El esgarrador asesinato de las chicas argentinas en Ecuador, como el de tantas mujeres a lo largo y ancho del mundo, es el horroroso signo de toda una filosofía de vida que apunta a degradar y someter al otro como manera de encontrar la propia valía. No se trata exactamente de crímenes sexuales, sino de crímenes de poder, en donde lo sexual es instrumento de dominación y no otra cosa.
Esa mirada desangelada y violenta sobre la existencia subyace en muchas formas sociales y no se limita a devaneos mentales o usos y hábitos costumbristas, sino que se vuelve una forma del deseo que se hace carne en una manera de hacer en el mundo.
Esa perspectiva sobre la vida tampoco se circunscribe a la violencia llamada "de género", sino que es una matriz básica que también percibimos en escenarios aparentemente muy distintos, como por ejemplo, la política, la interacción con la naturaleza, la idea de competencia a ultranza o las formas de generar negocios, entre muchos otros.
Deseo de dominar, sojuzgar, doblegar, disolver la condición de persona del otro para transformarlo en "cosa", en un "algo" en vez de un "alguien". Ese otro que debe ser "vencido" en un mundo en el que no existe el amor, pero sí el espanto. Tal es la descripción de la matriz de lo violento que luego se hace crimen y que hoy desgarra la vida de dos familias que han perdido la presencia vital de sus hijas de la peor manera.
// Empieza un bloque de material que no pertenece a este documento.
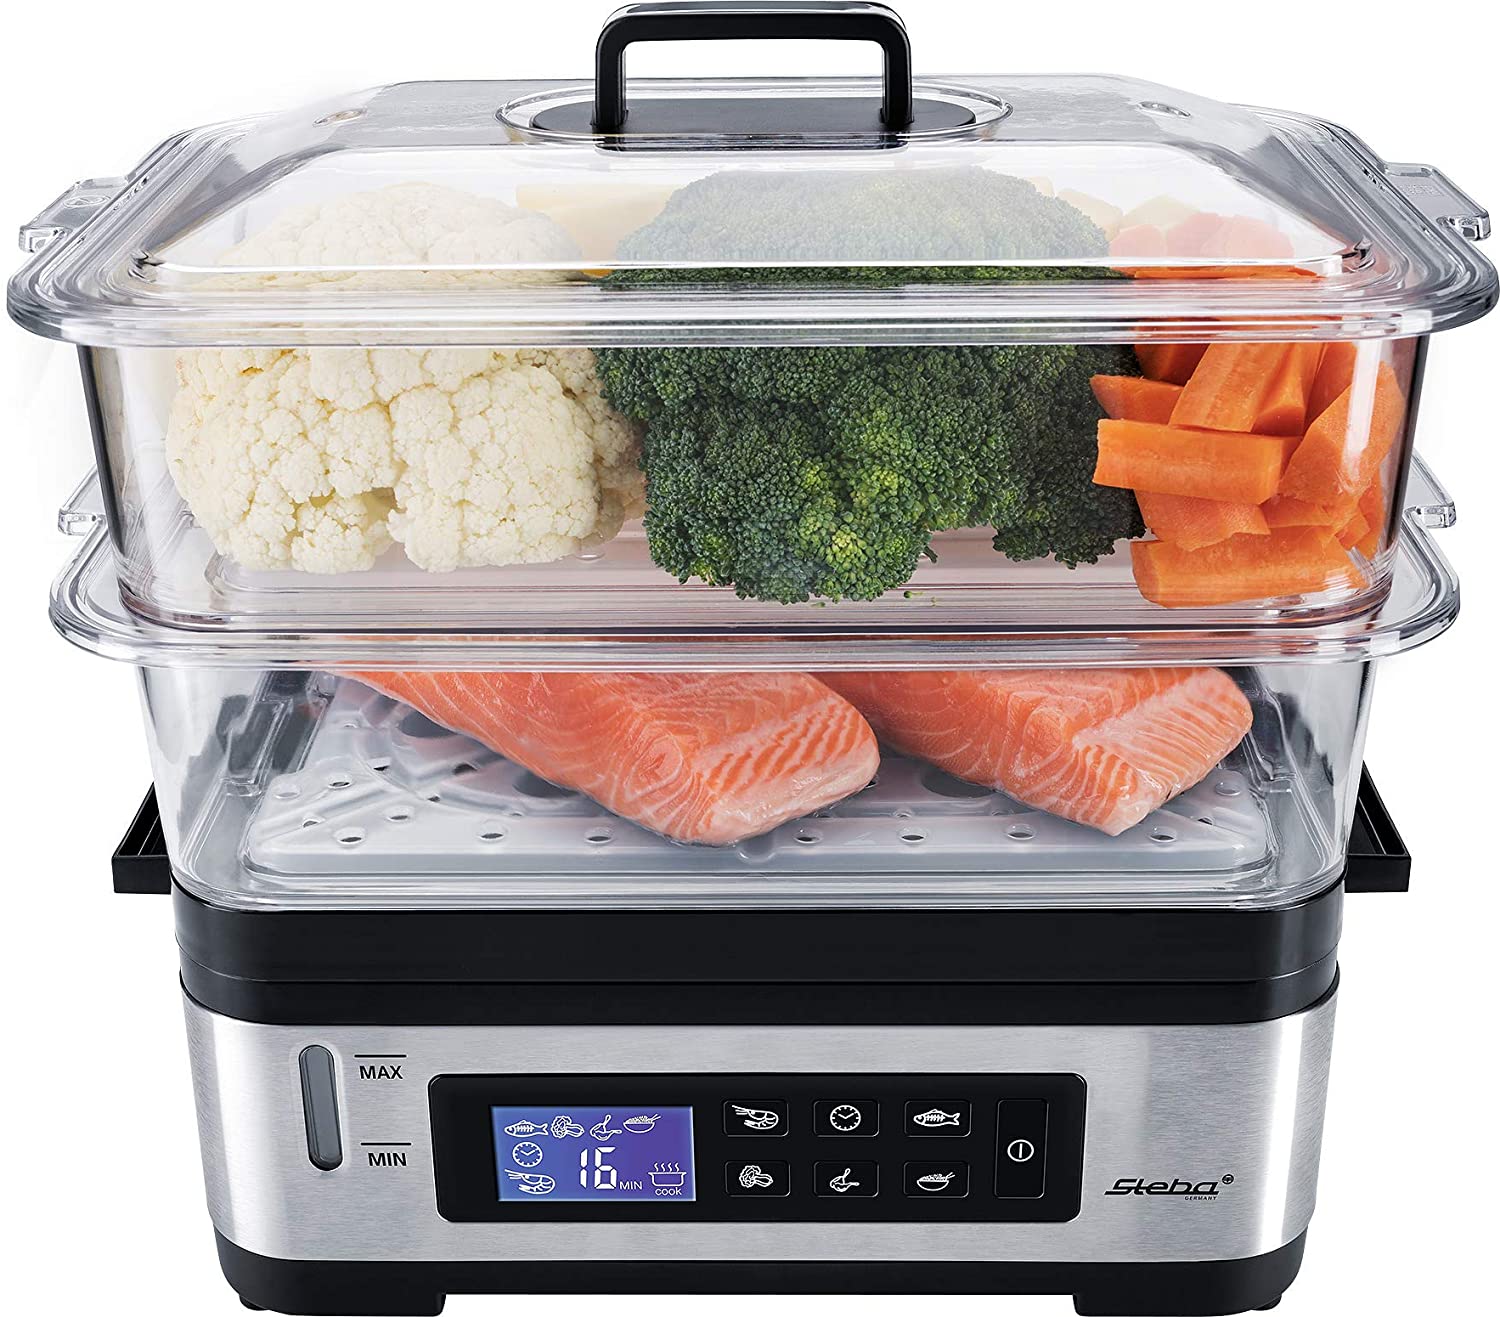 Steba DG 2 Electronic Steamer, Variable Cooking Chamber (3 - 6 Litres), BPA-Free, Includes Travel Insert, LCD Display with 5 Automatic Programmes, 30 Min Timer with Beep and End Shutdown

Esa cultura de violencia valora a la fuerza, al afán de humillar y al sojuzgamiento como un reaseguro del propio "yo". Considera una "nada" todo aquello que no sea dominante, penetrante, muscular y "concreto", por lo que toma por asalto y "de atropellada" aquello que no responda a su impulso y afán.
Existen ideas y conceptos que favorecen le permanencia de este tipo de concepciones. El mismo Freud, por ejemplo, erróneamente hablaba de que la mujer era "pasiva" desde lo sexual, mientras que el hombre era "activo". En realidad, hombres y mujeres son ambos activos, en el sentido de que son protagonistas de su propio deseo y no meros objetos del deseo ajeno.
Lo antedicho es un ejemplo de cómo la idea de lo femenino se cosifica, abriendo las puertas a que sea "normal" el "uso" de la mujer como producto comercial, como ansiolítico sexual, como símbolo de estatus social, como lugar en el cual se puede compensar con superioridad de fuerza de dominio físico las debilidades de la propia hombría.
Por otro lado, cuando la hombría es frágil, es mucho mayor el natural temor que existe ante el misterio que, para el varón, implica lo femenino. Ese misterio para el varón es inexpugnable, imposible de desentrañar.
Algunos eligen entonces convivir con él, generando, por ejemplo, eso que se llama "amor", algo que lejos está de la idea de dominación ya que, sabemos, amar y dominar están en las antípodas. En cambio, otros, generalmente los más violentos, intentan dominar ese misterio, aunque, en realidad, solamente como mucho consiguen dominar cuerpos, herirlos, humillarlos.
Suele decirse con razón que el machismo atenta contra la condición más humana de lo humano, y en tal sentido tanto los hombres como las mujeres, desde su singularidad, se ven heridos por el paradigma dañino que significa en nuestra vida de relación.
Pero eso es una mirada conceptual que en nada consuela el dolor terrible de los rostros jóvenes que hoy no están por la cobardía de la violencia.
El mundo pide prudencia, pero no miedo. Eso habrá que enseñar a los más jóvenes que buscan aventura, con toda razón, en viajes y experiencias significativas. En tal sentido, parte del aprendizaje del crecer es saber que los riesgos siempre existen y hay que apuntar a disminuirlos, si bien, como vemos con dolor en casos como el de las chicas mendocinas, no hay manera de hacer que desaparezcan de manera total.
Es de desear que esa conciencia encuentre su germen en chicos que respetan y se respetan, y que lo hagan en las cosas cotidianas: en los hogares, en las interacciones en el colegio, en los boliches, porque desde allí se expande hacia el resto de la vida social, habilitando a que las virtudes humanas emerjan, pero no de manera pasteurizada y moralista, sino como honda percepción de que el violentar al otro no es signo de poder y prestigio, sino lisa y llanamente impotencia y degradación.